3 Areas to Focus On To Successfully Launch New Product or Service

Portfolio vitality is required if a company is going to ensure future performance and survival. This is achieved through the continual launch of new products and services to the customer. Some organization are referring to a combination of products and services as solutions or offerings. I will use all of these terms interchangeably in this post.

As someone whose domain expertise lies between the idea and launch of a new product, I am frequently asked what the most important things to do when attempting to increase portfolio vitality. There are three areas that organizations of any size need to consider: the new product must fix a pain point, it must be repeatedly available on demand & you must be able tell and deliver it to the customer. Project teams are crucial to addressing these areas. Each area needs a representative on the team. That representative is responsible for their area being successfully done.

The first is fixing a pain point. This requires a deep understanding of what the end customer actually needs. Without giving the customer a differentiated product from what already exists, there is no reason for them to switch. Launching something to the market just because it does something cool doesn’t ensure success. In fact, the biggest mistake in new product development is creating something nobody wants

Take a look at Apple Watch. It hasn’t enjoyed widespread adoption, even after two years and two generations of being in the market. A small percentage of people own one. Why? The price is high, the capabilities are mediocre and it requires a paired iPhone. Apple had its chance but lost out with the proliferation of smart fitness trackers that more closely provided what customers wanted. In order to win, you have to address a pain point.

Understanding the pain points is just the beginning. You have to have a development team that can translate those needs into a workable form. This usually starts with a design that leads to a prototype.
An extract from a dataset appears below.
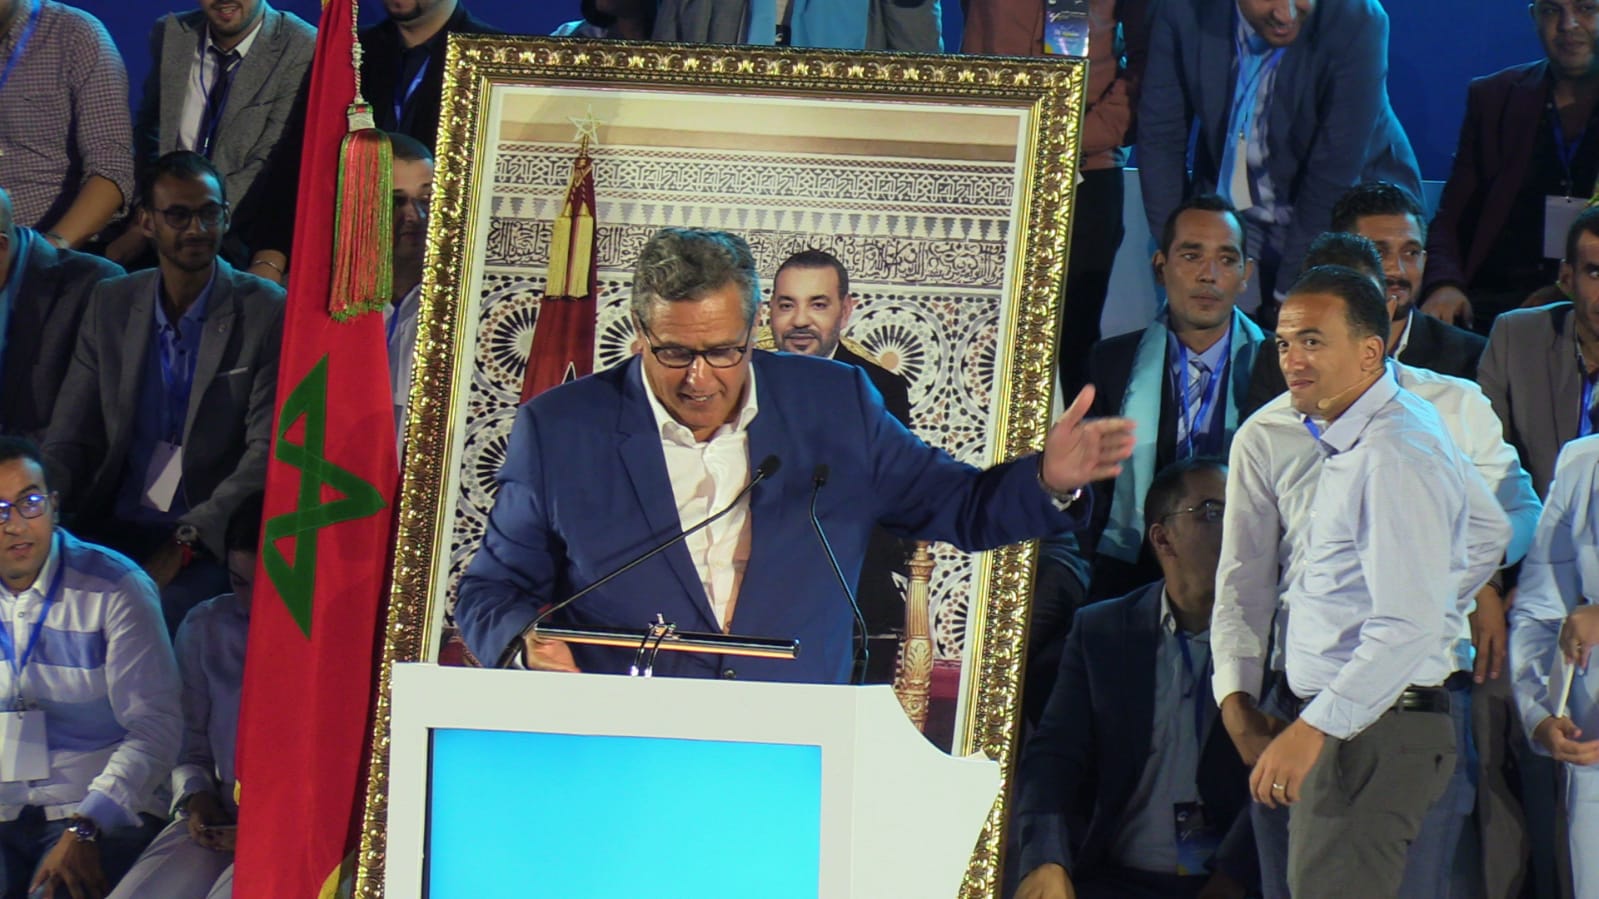 أخنوش: تعرضت لحملات كثيرة منذ 2016 والأحرار يستمد شرعيته من ثقة المغاربة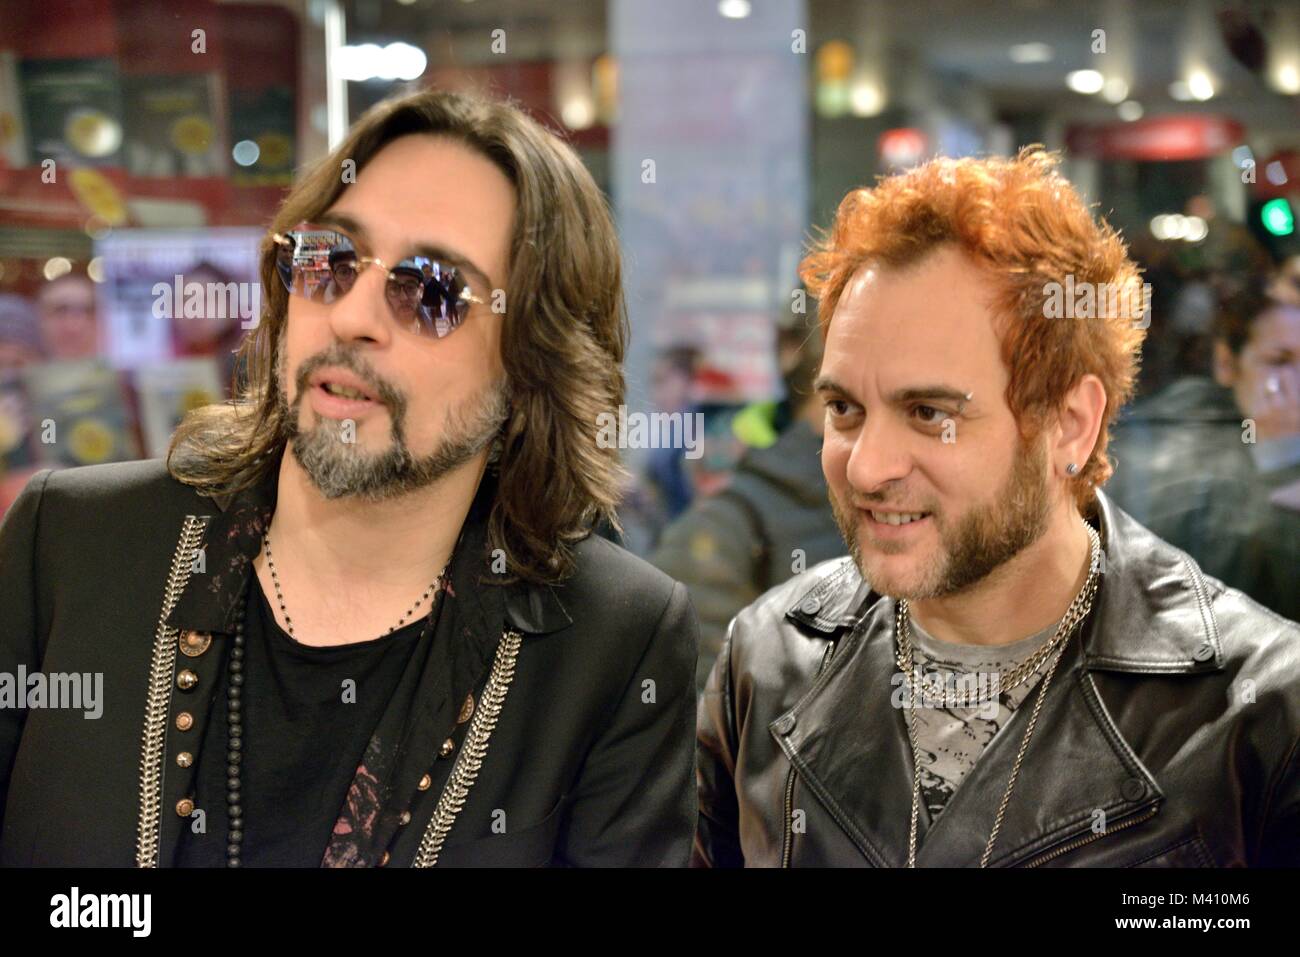 Le Vibrazioni Francesco Sarcìna) Italian rock band in Milano Stock Photo

It needs to be rigorously tested and then a finalized design completed for launch. The final product is ultimately what must fix the pain point(s). The design inevitably gets watered down with trade-off related to cost, technology readiness, and other areas. Don’t lose the focus on fixing pain points when getting to the final design.

It’s not enough to have a final service ready, the second area for a successful launch is needed. An organization must be able to repeatedly provide that service to the customer. Customers are not very forgiving when they go to purchase your service and it isn’t available. Only in rare cases the customer will be patient. Depending on the ratio of the value added to the wait required, the customer will likely move to a competitor. Your organization must be able to provide your services at the rate of customer demand.

Each unit provided should be defect free, matching the design intent. Two popular methodologies for repeatedly providing defect-free are lean and six sigma. Lean is the industry best practice for establishing waste-free operations, minimizing cost of production. Six sigma focuses on reducing variation to the lowest possible level. A disciplined approach using these principles will ensure the organization meets repeatable provision to the customer.

The last area is that the new offering must get to the customer. This includes the trigger and delivery. Proper advertising and fulfillment after an “order” is placed leads to strong revenue and growth. The better presentation to the intended customer, the more demand will be. The shorter the wait, the happier the customer will be. Marketing in the social media age has its own rules now and the shift in retail due to the Amazon effect has reset the playing field. Companies must keep up with what the leaders in their market are doing.

Each of these areas are critical to launching a new solution to the market. Get one right, you have one right. That doesn’t mean you’ll win. You need more than a great offering. You need all three for a successful launch: fix those pain points, make it available when ordered and be able to get it to the customer. That will win and that will lead to portfolio vitality and the future success of your firm.